Dream nods "It was. And now we are talking about it. I was never a god of positivity. I was a god of balance who very much misunderstood his job." then lastly "Not that it matters anymore. With the balance restored I am no longer a god of balance. I will eventually get, pick or find a new calling but it won't be emotions again." fuck he hopes it isn't emotions again.
Some people keep trying to ask if they really need negativity and can't just get like a negative corner or the bare minimum.
Error grows annoyed and speaks up "This si why this shit is useless. It is like destruction and creation. Like life and death. YOu want your world to get overpopulated until you can't make enough food and everyone will starve?
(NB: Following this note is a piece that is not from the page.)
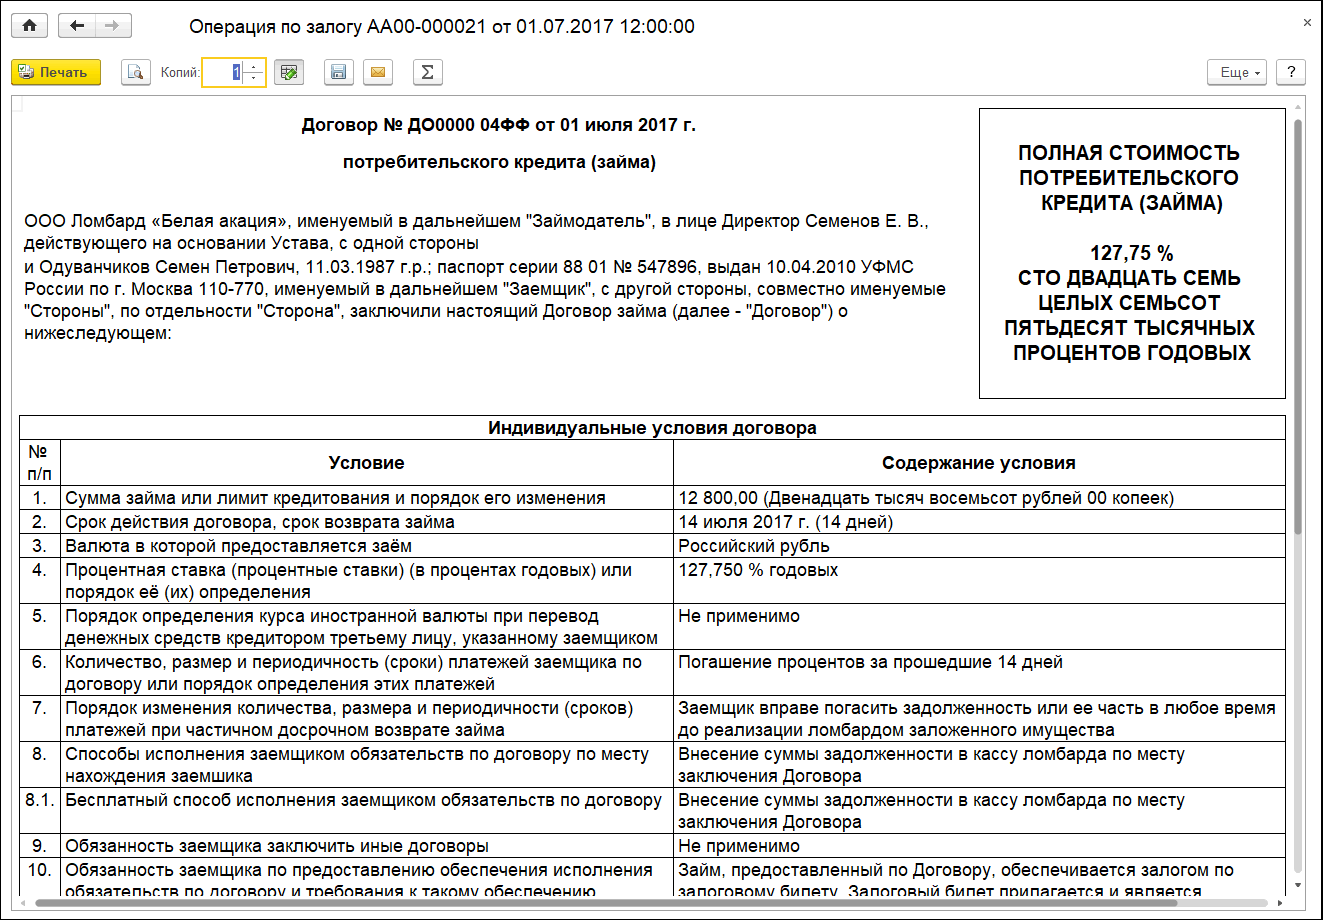 крым кредиты украинским банкам

That is a world wihtout natural death. You want the multiverse to get so full with half finished and glitching universes? That is what happens when ou want destroy stuff and do clean up. You want to laugh manically when someone you love dies? That is what happens when you don't have negativity. It isn't that hard to understand." Error sees that everyone heard and lays back down.
Dream shoots him a smile but Error jsut continues to glare at him. Right. Error nad Nightmare had been friends. Dream turns back to the group "Error is right. THis is bigger than one of two universes. This is bigger than all of our worlds combined. But foremost it is important that everyone knows that my brother was never the villain."
Some people try to go against it but Dream just keeps repeating the same message. His brother is the reason things are stable and everyone can still feel normally. He is the reason the balance is fixed. He wasn't the villain.
And he will repeat it as many times as needed until the message sticks.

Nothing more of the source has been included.